About this synaptic plasticity research news
Source: University of Chicago
Contact: Alison Caldwell – University of Chicago
Image: The image is credited to Robert Carrillo, PhD, and Yupu Wang
Original Research: Closed access.
“Structural and Functional Synaptic Plasticity Induced by Convergent Synapse Loss in the Drosophila Neuromuscular Circuit” by Yupu Wang, Meike Lobb-Rabe, James Ashley, Veera Anand and Robert A. Carrillo. Journal of Neuroscience
Structural and Functional Synaptic Plasticity Induced by Convergent Synapse Loss in the Drosophila Neuromuscular Circuit
Throughout the nervous system, the convergence of two or more presynaptic inputs on a target cell is commonly observed. The question we ask here is to what extent converging inputs influence each other’s structural and functional synaptic plasticity. In complex circuits, isolating individual inputs is difficult because postsynaptic cells can receive thousands of inputs.
An ideal model to address this question is the Drosophila larval neuromuscular junction (NMJ) where each postsynaptic muscle cell receives inputs from two glutamatergic types of motor neurons (MNs), known as 1b and 1s MNs. Notably, each muscle is unique and receives input from a different combination of 1b and 1s MNs; we surveyed multiple muscles for this reason.
Here, we identified a cell-specific promoter that allows ablation of 1s MNs postinnervation and measured structural and functional responses of convergent 1b NMJs using microscopy and electrophysiology.

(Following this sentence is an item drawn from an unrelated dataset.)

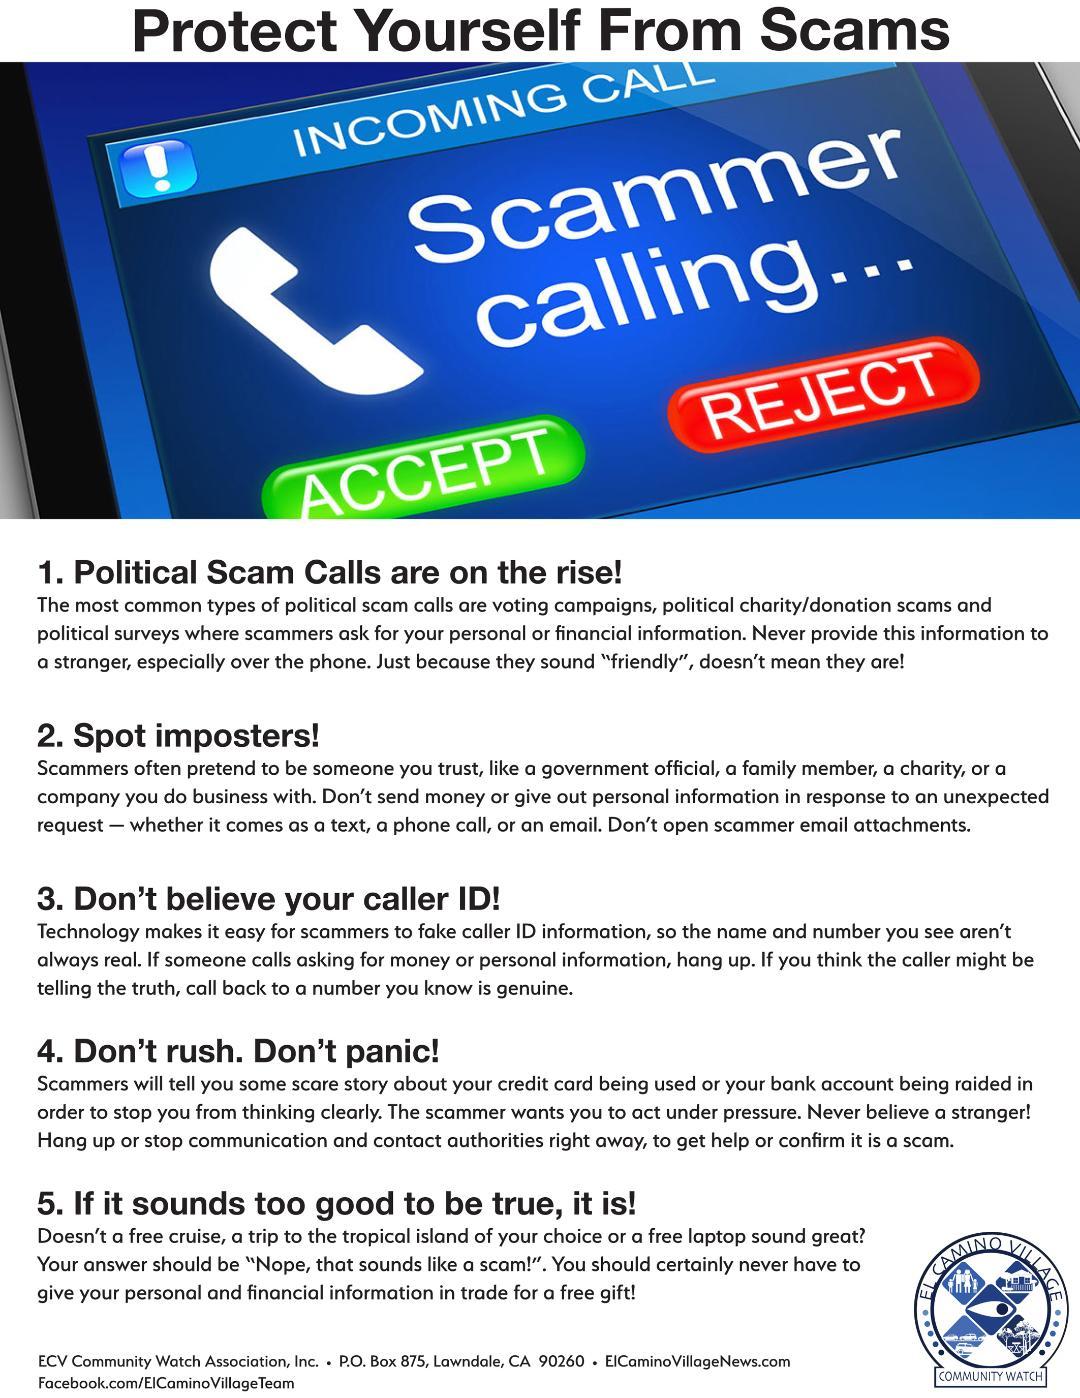 Avoiding phone scams.jpg

For all muscles examined in both sexes, ablation of 1s MNs resulted in NMJ expansion and increased spontaneous neurotransmitter release at corresponding 1b NMJs. This demonstrates that 1b NMJs can compensate for the loss of convergent 1s MNs. However, only a subset of 1b NMJs showed compensatory evoked neurotransmission, suggesting target-specific plasticity. Silencing 1s MNs led to similar plasticity at 1b NMJs, suggesting that evoked neurotransmission from 1s MNs contributes to 1b synaptic plasticity.
Finally, we genetically blocked 1s innervation in male larvae and robust 1b synaptic plasticity was eliminated, raising the possibility that 1s NMJ formation is required to set up a reference for subsequent synaptic perturbations.
In complex neural circuits, multiple convergent inputs contribute to the activity of the target cell, but whether synaptic plasticity exists among these inputs has not been thoroughly explored. In this study, we examined synaptic plasticity in the structurally and functionally tractable Drosophila larval neuromuscular system. In this convergent circuit, each muscle is innervated by a unique pair of motor neurons. Removal of one neuron after innervation causes the adjacent neuron to increase neuromuscular junction outgrowth and functional output.
However, this is not a general feature as each motor neuron differentially compensates. Further, robust compensation requires initial coinnervation by both neurons. Understanding how neurons respond to perturbations in adjacent neurons will provide insight into nervous system plasticity in both healthy and disease states.